• _Work order_: In the listing below, the answer starts at the line that has "Bottes de foin" and stops after the line that has "代表性人物壁画主题卧室3D模型"; please repeat that part exactly and nothing more.

═══ Dataset excerpts

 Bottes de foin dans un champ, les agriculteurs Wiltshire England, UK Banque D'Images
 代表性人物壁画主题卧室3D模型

══════
═══ Dataset excerpts

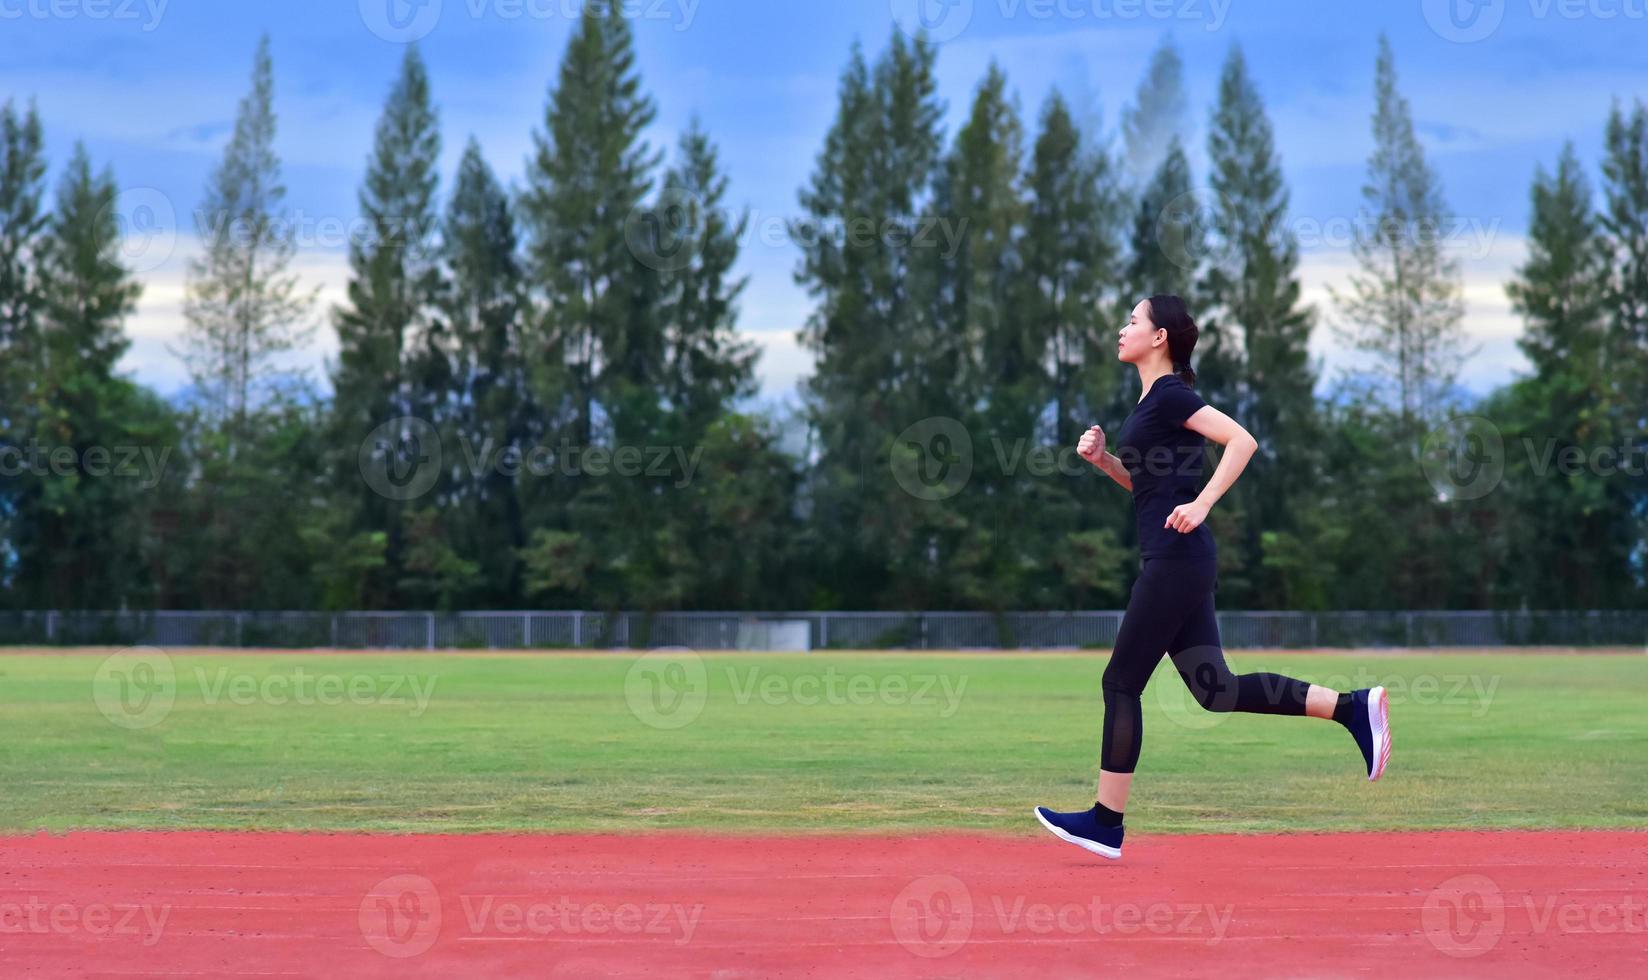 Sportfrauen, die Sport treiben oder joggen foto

══════

• _Response_:
 Bottes de foin dans un champ, les agriculteurs Wiltshire England, UK Banque D'Images
 代表性人物壁画主题卧室3D模型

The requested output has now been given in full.